The CIs and impact curves obtained for the two cue conditions have similar trends, except that the amplitude appears slightly larger under the valid cue condition. For both cue conditions, there is clearly a characteristic spatiotemporal biphasic profile immediately before the response in the target field (upper panels). At the center of the CI where the target appeared, positive weights peak at approximately 350 ms before the response and negative weights at approximately 500 ms before the response. The opposite profile is found on both sides surrounding the center. These results, having clear agreement with the results of the previous study45, suggest that the observer's decision is triggered by the luminance increase after the luminance decrease in the central bars and the relative emphasis of these luminance variations in space. Meanwhile, the CIs of the non-target field (lower panels) show no systematic variation, and we will not consider these data in the following analysis (see also the discussion section regarding the interpretation of this result).

The RT data shown in Fig. 2b indicate that the observer’s response was systematically accelerated when the valid cue was presented at a particular time before the response. With reference to these results on the RT, we next examine whether the CI varies between the valid and invalid cue conditions depending on how long before the response the cue appears. To this end, we divided the trials into epochs of 500 ms each based on the cue onset time from the response and calculated the CI for each epoch with a shift of 250 ms.

Figure 4a shows the CIs and impact curves for different times from the response to cue onset in the target field. The impact curves preserve a biphasic shape regardless of the cue onset time backward from the response. There is a negative weight of the center impact curve when the cue onset was long before the response. Given that trials in which the cue appeared long before the response are dominated by long RTs, this reflects the fact reported in the previous study that the negative weight is larger in trials of longer RTs45.

Figure 4
figure 4

(a) CIs and impact curves calculated for different times from the response to cue onset in the target field. From the upper to the lower panels, the results are for trials with the cue appearing shortly to long before the reaction. The left panels show the results for the valid cue condition and the right panels the results for the invalid cue condition. (b) Peak impact at approximately 350 ms before the response plotted as a function of the time from the response to cue onset. Red and blue circles represent results for the valid and invalid cue conditions, respectively. The solid and dashed lines show the results for the center and surrounds, respectively. Error bars are ± 1 S.E.M. across 10 observers.

The overall amplitude of the impact curve is visibly different between the two cue conditions at a specific cue onset time backward from the response. Figure 4b plots the peak of the impact curve for each epoch. Here, the peak of the amplitude is defined as the average of the impacts within the range of 300–400 ms backward from the response. The red circles represent results for the valid cue condition and the blue circles those for the invalid cue condition. The solid line presents the results for the center impact and the dashed line those for the surrounds impact. We find that the positive weight is considerably larger for the valid cue condition than for the invalid cue condition when the cue was onset 500–1250 ms before the response, with the RT being especially shortened by the valid cue. This can be interpreted as the spatial attention being guided by the cue boosting the impact of information at that location.

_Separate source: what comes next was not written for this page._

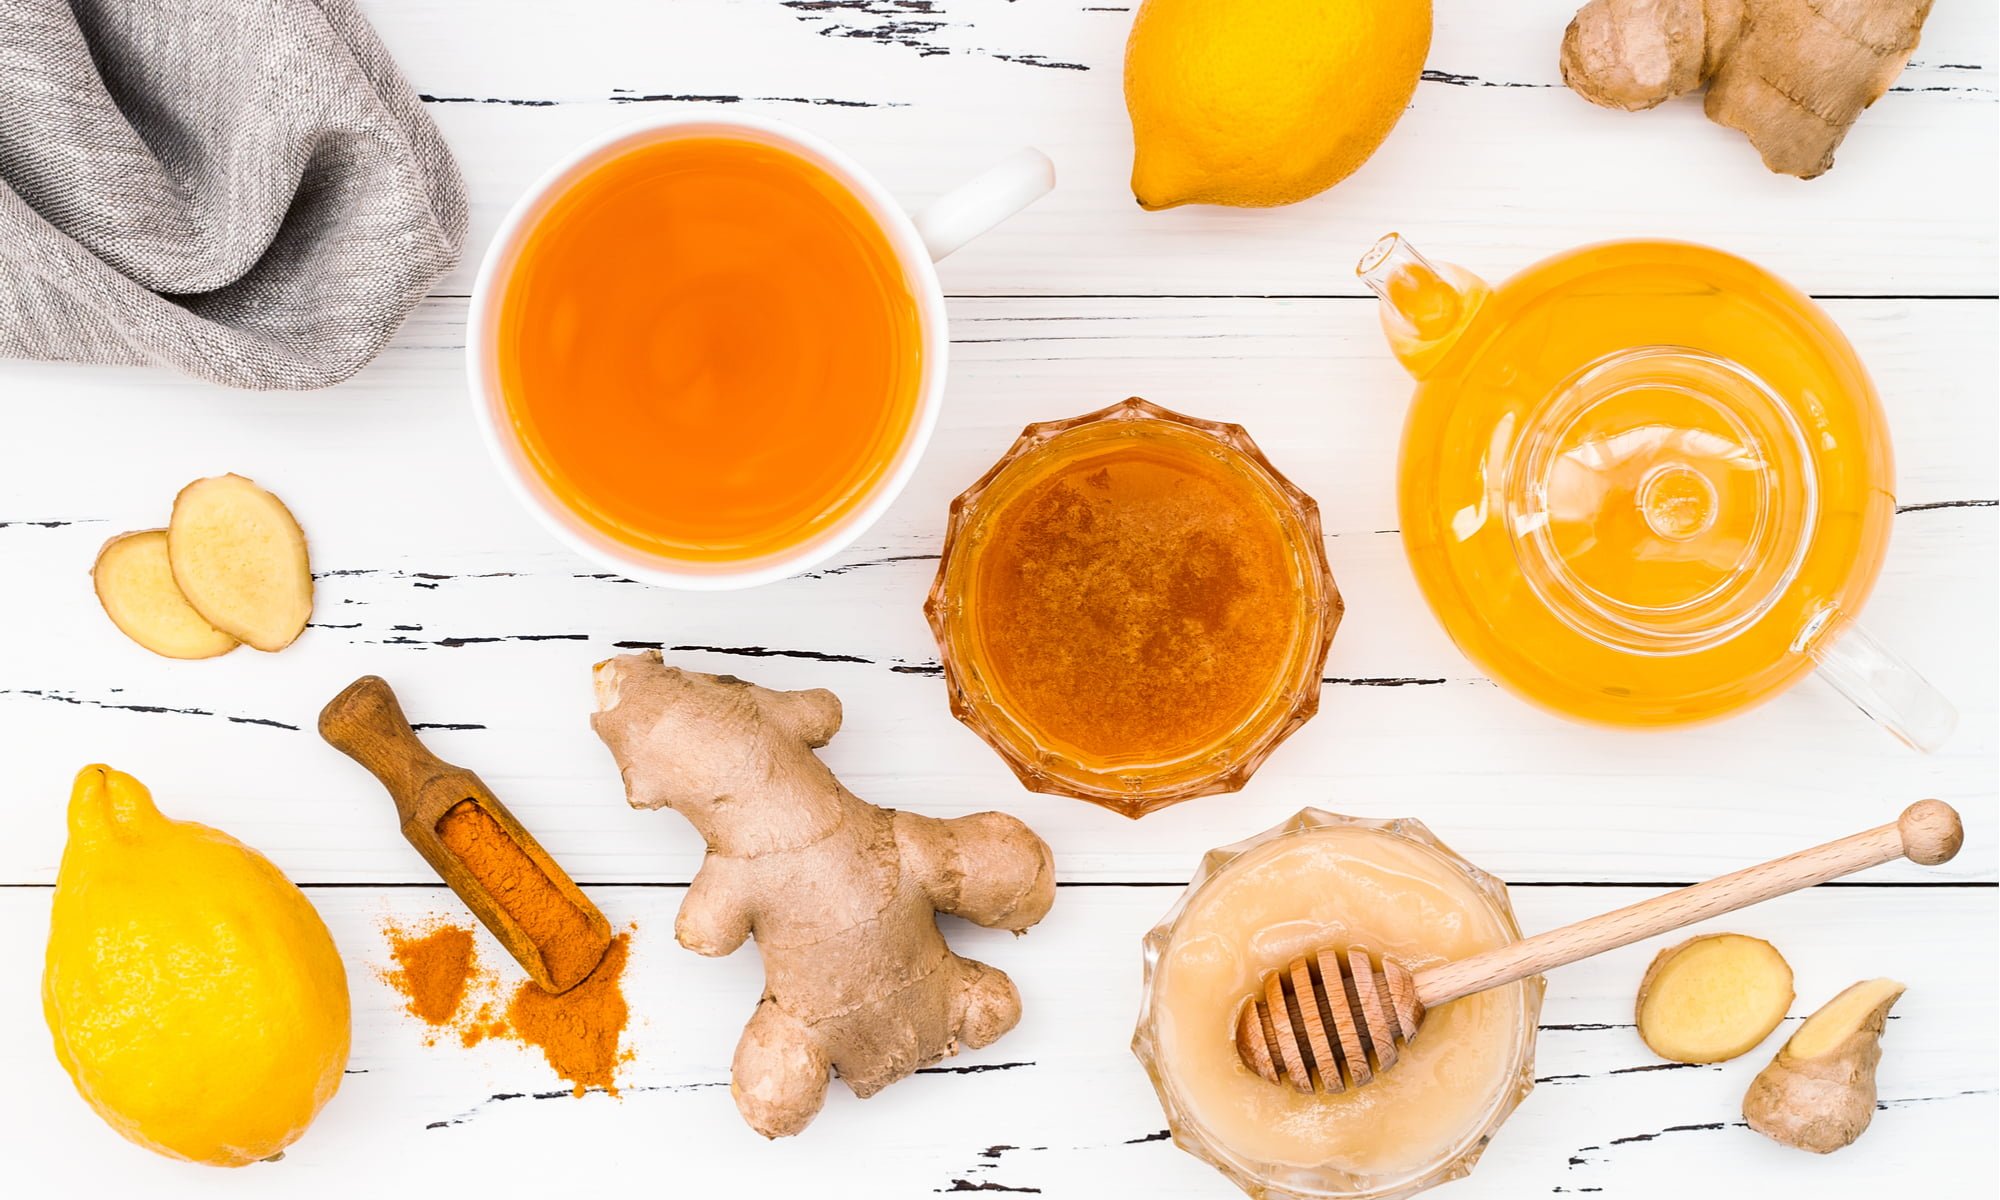 Kick The Cold With This Immune-Boosting Tonic

When the cue was onset 0–500 ms before the response, we find that the difference between the two cue conditions is small, or the weights under the invalid cue condition appear to be slightly larger. This effect may appear to reflect suppressive effects of the cue onset itself on the response, but it is more likely a result of inclusion of trials in which the decision was made before the cue was presented, as was the case for the RT data (Fig. 2b).

A two-factor ANOVA was performed on the peak impact for the centre in Fig. 4b for the cue condition (valid, invalid) and the time from the response to the cue onset (five epochs). The results show that the main effect of the cue condition (F(1,9) = 4.40, p = 0.0654, η2 = 0.0343) was not significant, but the main effect of the time from the response to the cue onset (F(4,36) = 4.80, p = 0.0033, η2 = 0.0711) and the interaction (F(4,36) = 8.80, p < 0.0001, η2 = 0.1060) were significant. Corresponding t-tests conducted for each epoch showed significant differences for 0–500 ms (t(9) =  − 2.59, p = 0.0291, d = − 0.6759), 500–1000 ms (t(9) = 3.37, p = 0.0082, d = 1.0702), and 750–1250 ms (t(9) = 3.04, p = 0.0141, d = 1.0031). ANOVA on the peak impact for the surrounds showed no significant effect.

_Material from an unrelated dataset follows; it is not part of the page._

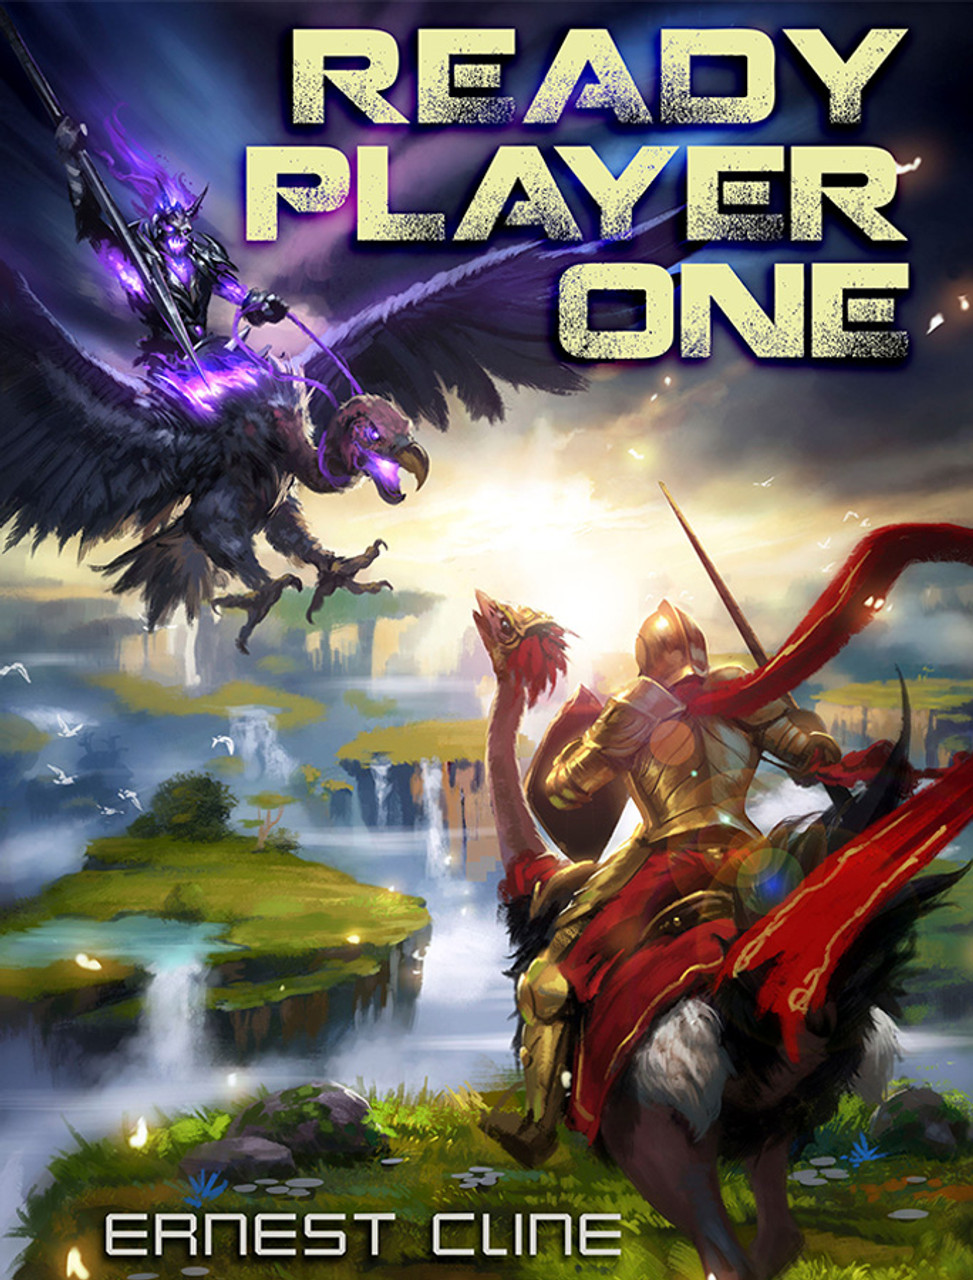 Book notes: Ready Player One by Ernest Cline – Marlo Yonocruz

The present study applied the response-locked CI method to analyze the effect of attentional cueing on dynamic decision making in a simple contrast detection task. Consistent with the results of many previous studies13,14,15,48, we found that the RT was shortened by the valid cue, especially in the period of 300–1100 ms from cue onset. Furthermore, although the CIs had a spatiotemporally biphasic profile as in the previous study45, their overall amplitude was boosted by the valid cue, which also shortened the RT.

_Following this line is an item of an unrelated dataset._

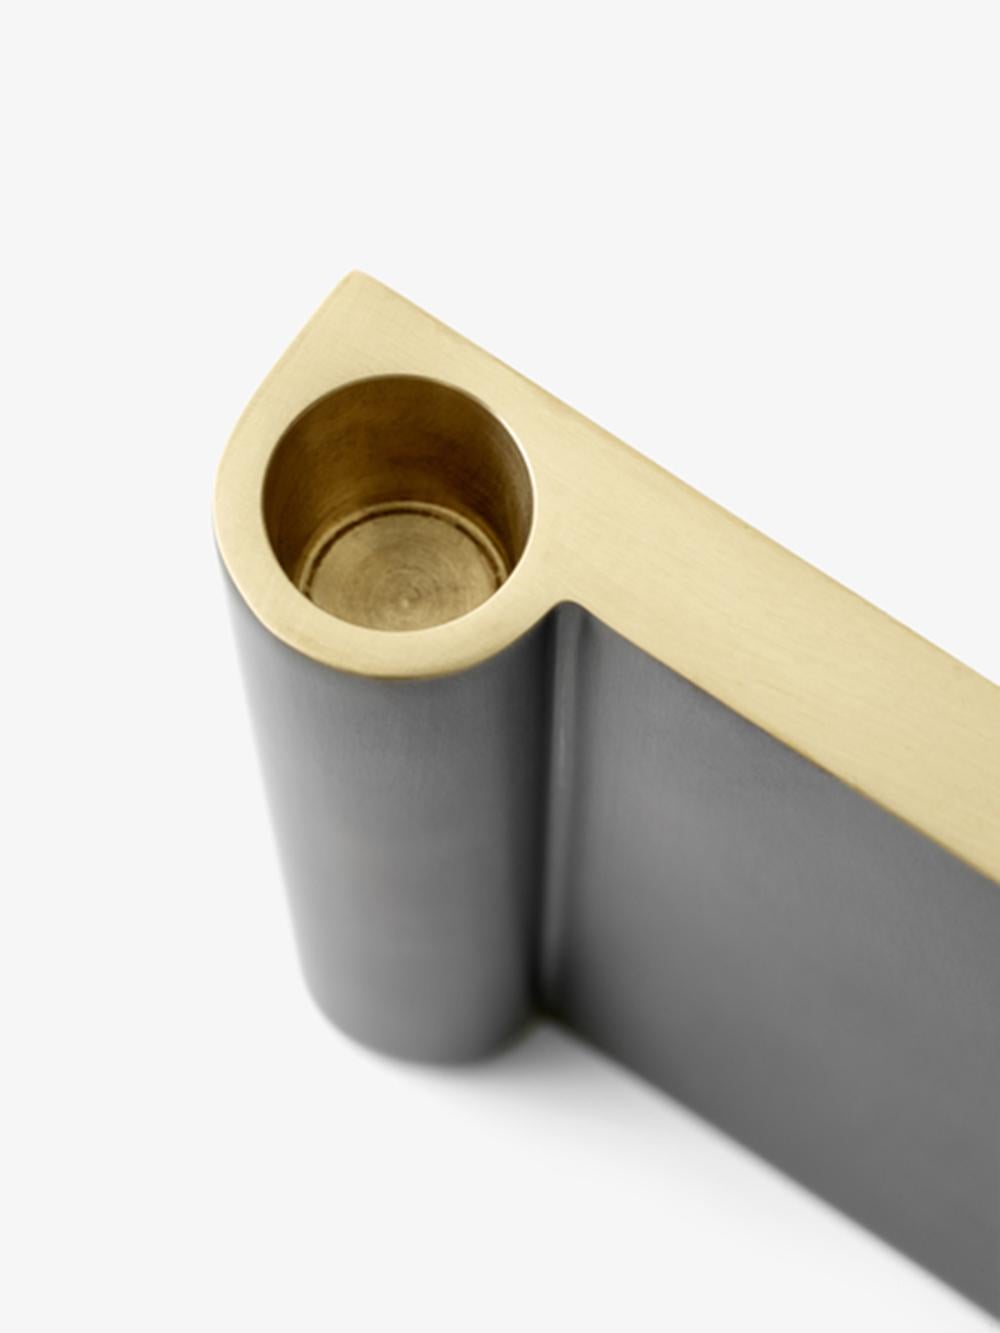 This bronzed brass candle holder is the biggest of the candle holders, within the Collect series, a curated line of beautifully crafted soft furnishings and home objects. 
Designed by Space Copenhagen, for a handsome addition to the home.
Made

The reduction of the RT by the valid cue began to appear 300 ms from cue onset and was long lasting. Importantly, this response facilitation was observed even when the valid cue was presented more than 500 ms before the response. These results suggest that the valid cue summoned the observer's sustained attention to the target location and facilitated the response.

When cue the was onset 500–1250 ms before the response, CIs showed clear differences in the overall amplitude of the CI between the two cue conditions, while their spatiotemporal tuning profiles were relatively constant. Under the valid cue condition, the cue directed attention to the target region and increased the weight of information, thereby enhancing contrast detection sensitivity. Under the invalid cue condition, the cue directed attention to the opposite side of the target, which relatively de-emphasized information in the target region and suppressed contrast detection. These results are consistent with a large body of psychophysical evidence that indicate an increase in the contrast sensitivity to stimuli at an attended location18,19,20,49,50,51,52 (see also the Computational model section regarding sensitization).

Computational model

On the basis of the above considerations, we examined whether the present results can be accounted for by a standard model of perceptual decision making with an additional assumption of the attentional enhancement of the perceptual sensitivity. The previous study assumed a hybrid model comprising a decision process that serially accumulates the outputs from the perceptual process, and it successfully predicted RTs and CIs in a similar display without spatial cueing45. Here, we extended the model by incorporating the effect of attention as an increase in the gain of the perceptual process, and we attempted to predict the characteristic variability of RTs and CIs depending on the cue validity.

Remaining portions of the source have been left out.